First, softmax(x)=exp(x)/sum(exp(x))



remind you that softmax(x)=exp(x)/sum(exp(x))



(exp, log, and the division of vectors is componentwise). It turns out that if t=1



, then the logarithm and the exponent are mutually annihilated, and we get p'=p



. That is, with a unit temperature, this transformation does not change anything.







What happens if you make the temperature very high? Softmax gets (almost) zeros, and at the output we get (almost) the same numbers, about 1/n



, where n



is the dimension p



(the number of letters in the alphabet). That is, at very high temperatures, we hammer on what the language model predicted, and a sample of all letters is equally probable.

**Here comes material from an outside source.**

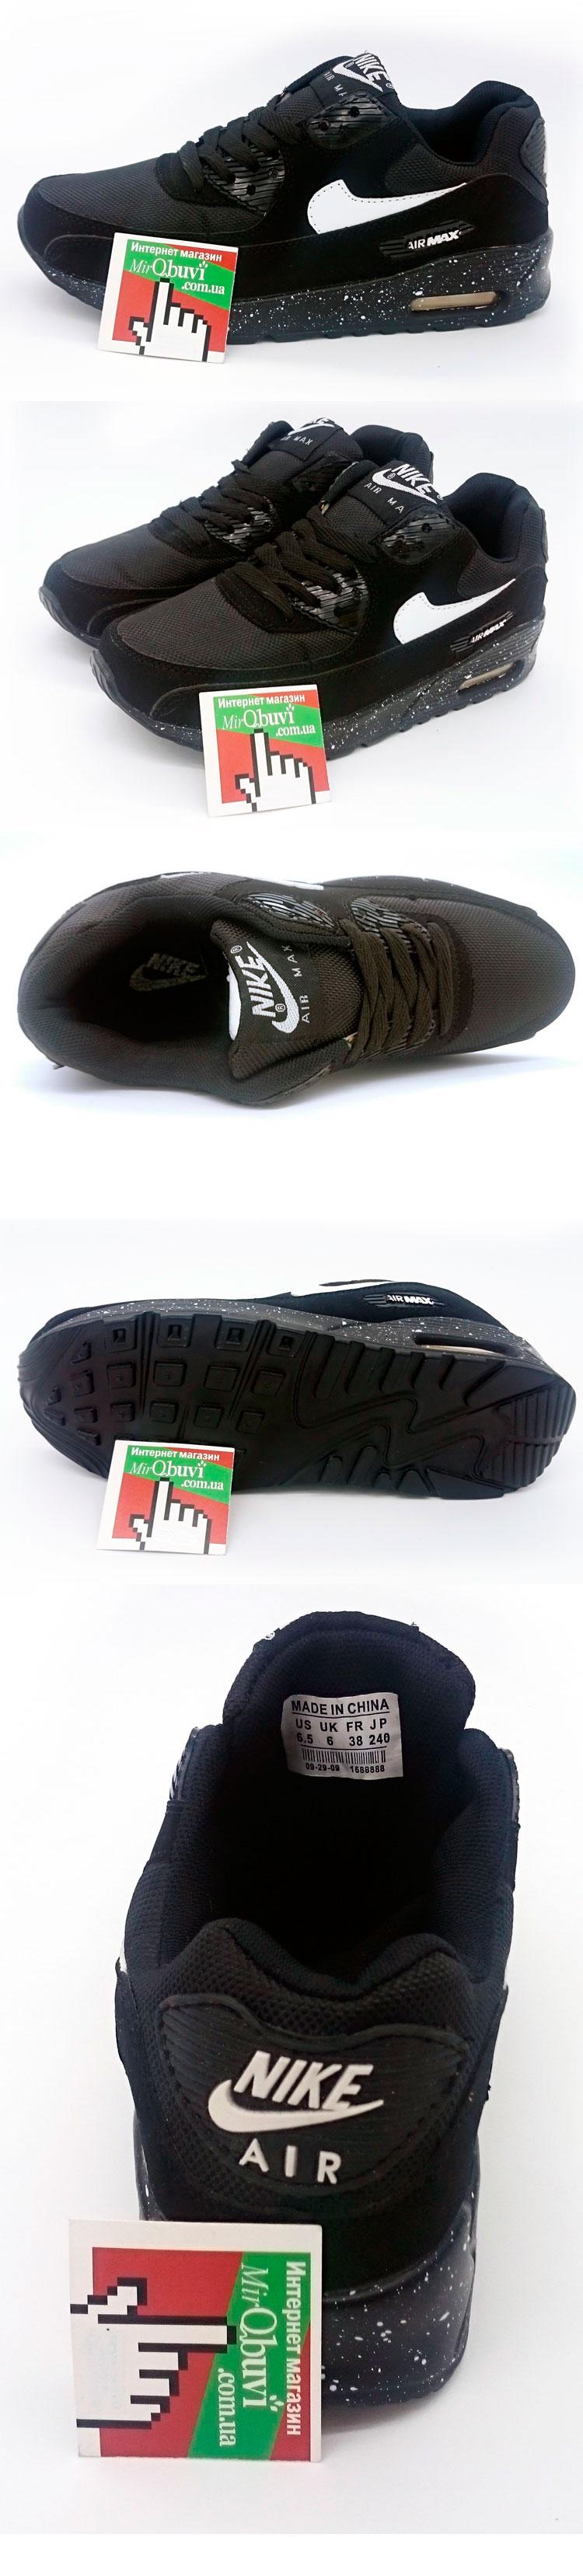 большое фото №5 Nike Air Max 90 all black

And if we set the temperature close to zero, then each component p'



will be a very-large-exponent divided by the sum of very-large-exponents. In the limit, that letter, which corresponded to the largest value of p



, will dominate all the others, and p'



will tend to unity for it and to zero for all other letters. That is, at very low temperatures, we always choose the most likely letter (even if its absolute probability is not so high - say, only 5%).







Main conclusion



That is, temperature sampling is a general view of different types of sampling, taking into account the predictions of the model to varying degrees. This is necessary to maneuver between model confidence and diversity. You can raise the temperature to generate more diverse texts, or lower it to generate texts in which the model is more confident on average. And, of course, this all applies not only to the generation of texts, but in general to any probabilistic models.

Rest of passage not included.